Changes of pore water content due to drying or wetting processes cause significant volume changes of concrete in load-free specimens. They are called the shrinkage (typically causing strains between 0.0002 and 0.0005, and in low strength concretes even 0.0012) or swelling (< 0.00005 in normal concretes, < 0.00020 in high strength concretes). To separate shrinkage from creep, the compliance function $J(t, t')$, defined as the stress-produced strain $\epsilon$ (i.e., the total strain minus shrinkage) caused at time t by a unit sustained uniaxial stress $\sigma = 1$ applied at age $t'$, is measured as the strain difference between the loaded and load-free specimens.

The multi-year creep evolves logarithmically in time (with no final asymptotic value), and over the typical structural lifetimes it may attain values 3 to 6 times larger than the initial elastic strain.

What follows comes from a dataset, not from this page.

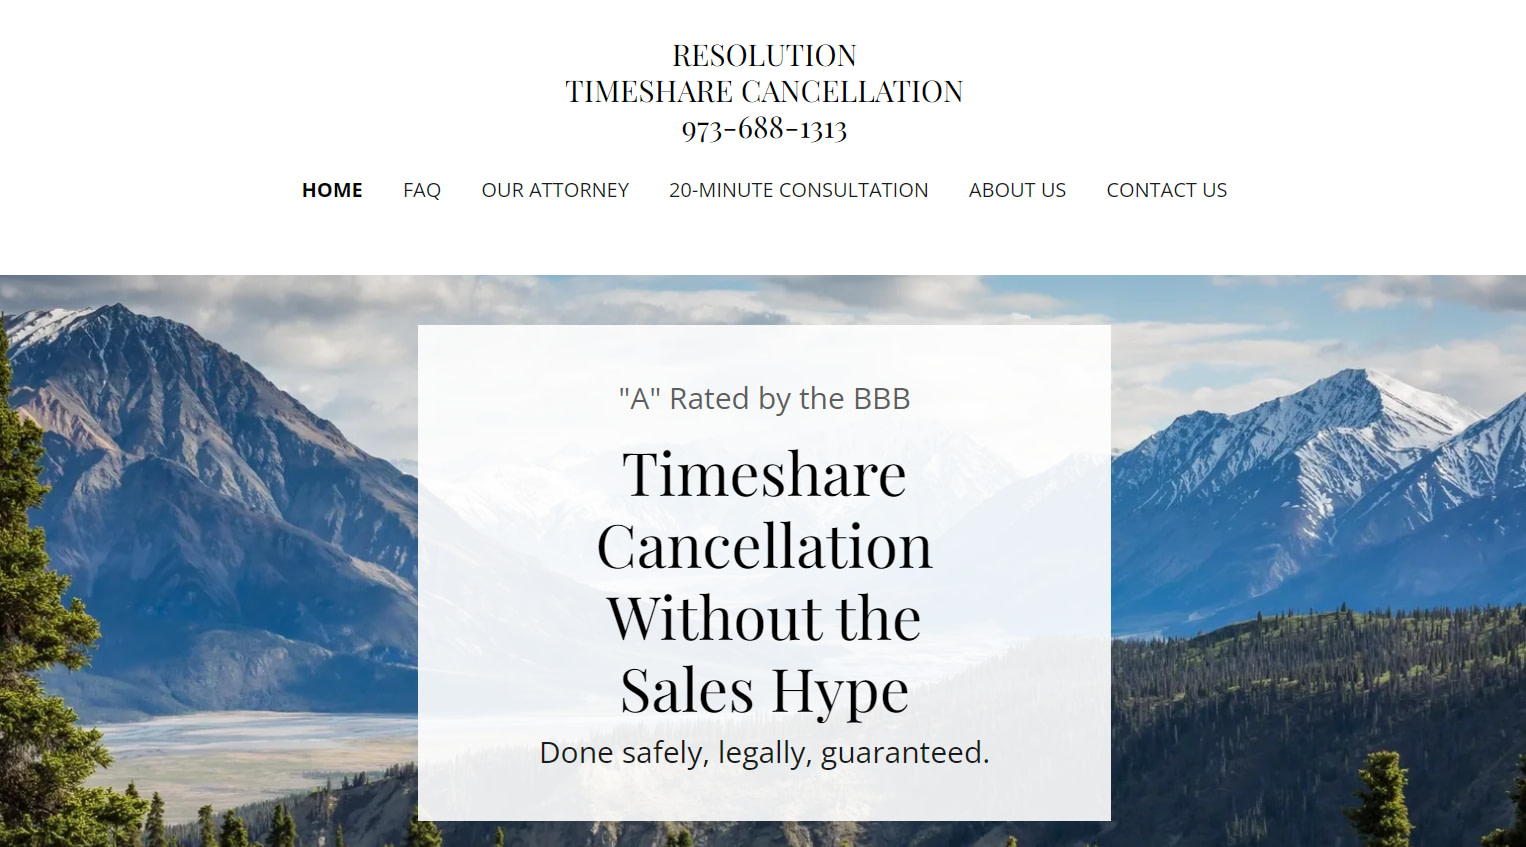 Resolution Timeshare Cancellation homepage

When a deformation is suddenly imposed and held constant, creep causes relaxation of critically produced elastic stress. After unloading, creep recovery takes place, but it is partial, because of aging.

In practice, creep during drying is inseparable from shrinkage. The rate of creep increases with the rate of change of pore humidity (i.e., relative vapor pressure in the pores). For small specimen thickness, the creep during drying greatly exceeds the sum of the drying shrinkage at no load and the creep of a loaded sealed specimen (Fig. 1 bottom). The difference, called the drying creep or Pickett effect (or stress-induced shrinkage), represents a hygro-mechanical coupling between strain and pore humidity changes.

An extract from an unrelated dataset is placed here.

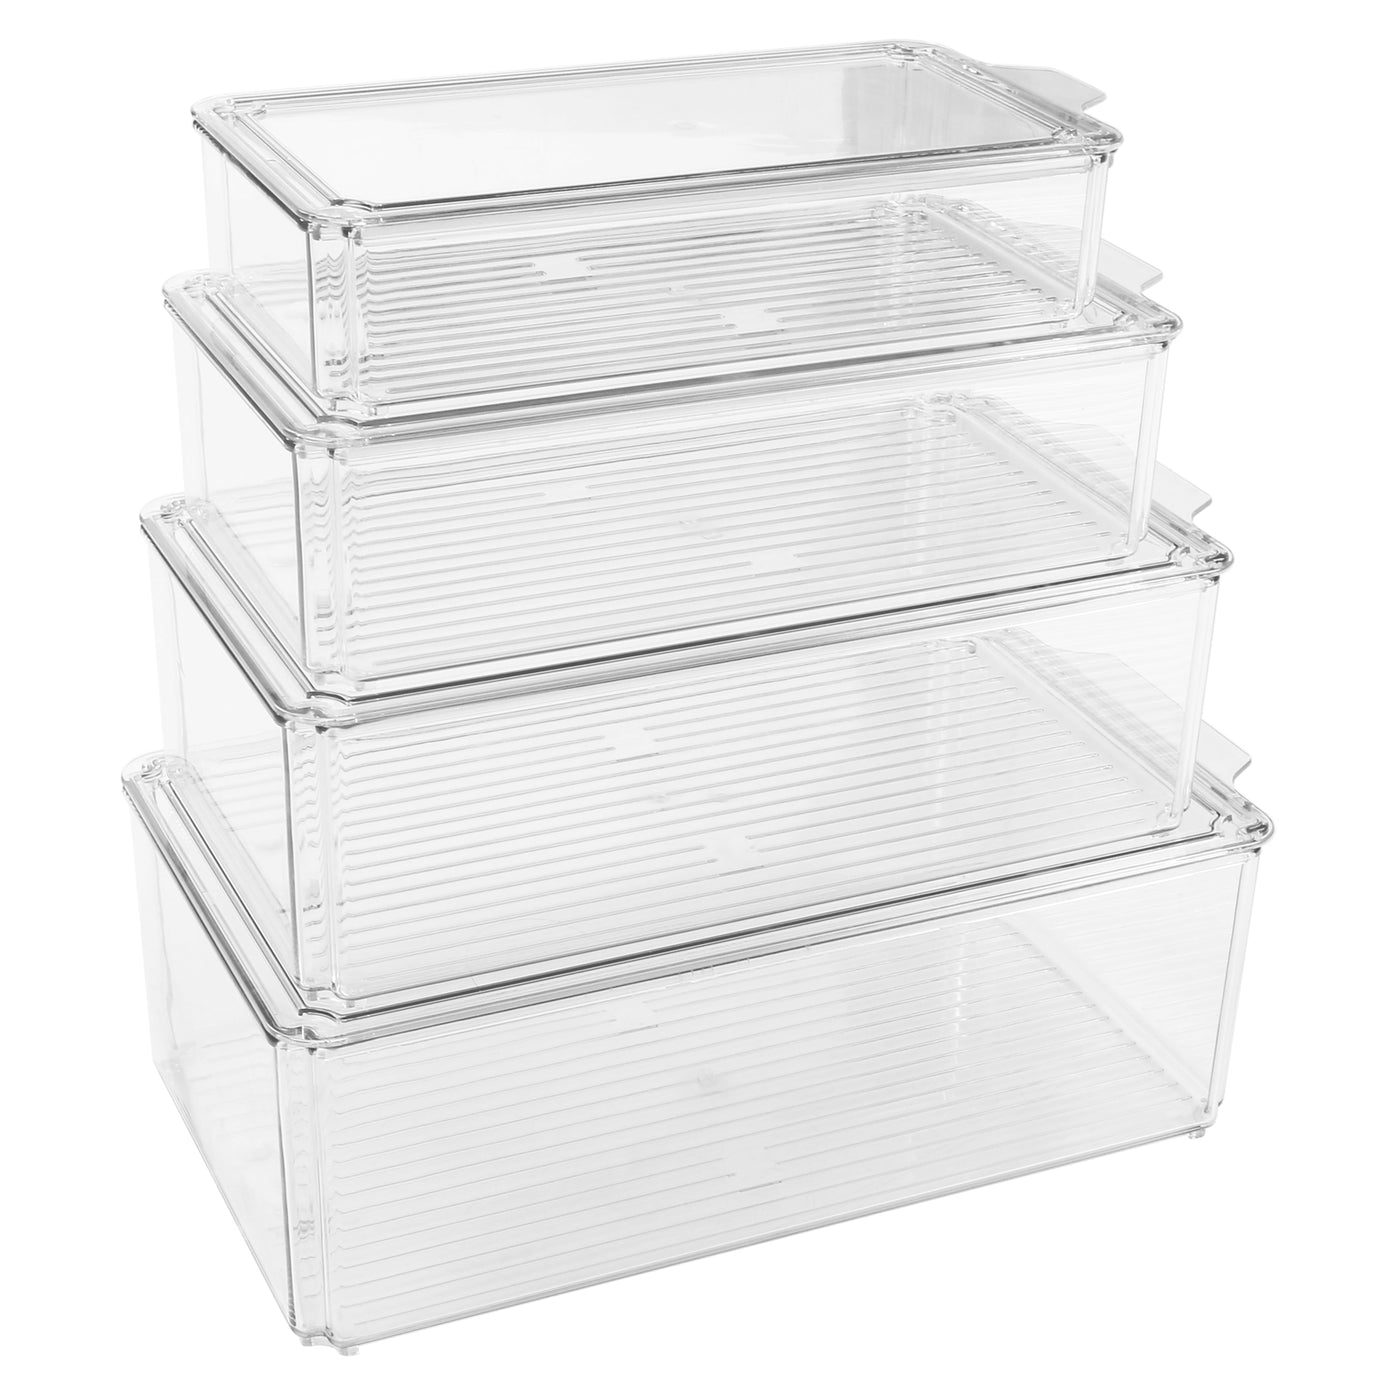 Pack of 4 Refrigerator Organizer Bins with Lids Stackable Food Storage Container

Drying shrinkage at high humidities (Fig. 1 top and middle) is caused mainly by compressive stresses in the solid microstructure which balance the increase in capillary tension and surface tension on the pore walls. At low pore humidities (<75%), shrinkage is caused by a decrease of the disjoining pressure across nano-pores less than about 3 nm thick, filled by adsorbed water.

The chemical processes of Portland cement hydration lead to another type of shrinkage, called the autogeneous shrinkage, which is observed in sealed specimens, i.e., at no moisture loss. It is caused partly by chemical volume changes, but mainly by self-desiccation due to loss of water consumed by the hydration reaction. It amounts to only about 5% of the drying shrinkage in normal concretes, which self-desiccate to about 97% pore humidity. But it can equal the drying shrinkage in modern high-strength concretes with very low water-cement ratios, which may self-desiccate to as low as 75% humidity.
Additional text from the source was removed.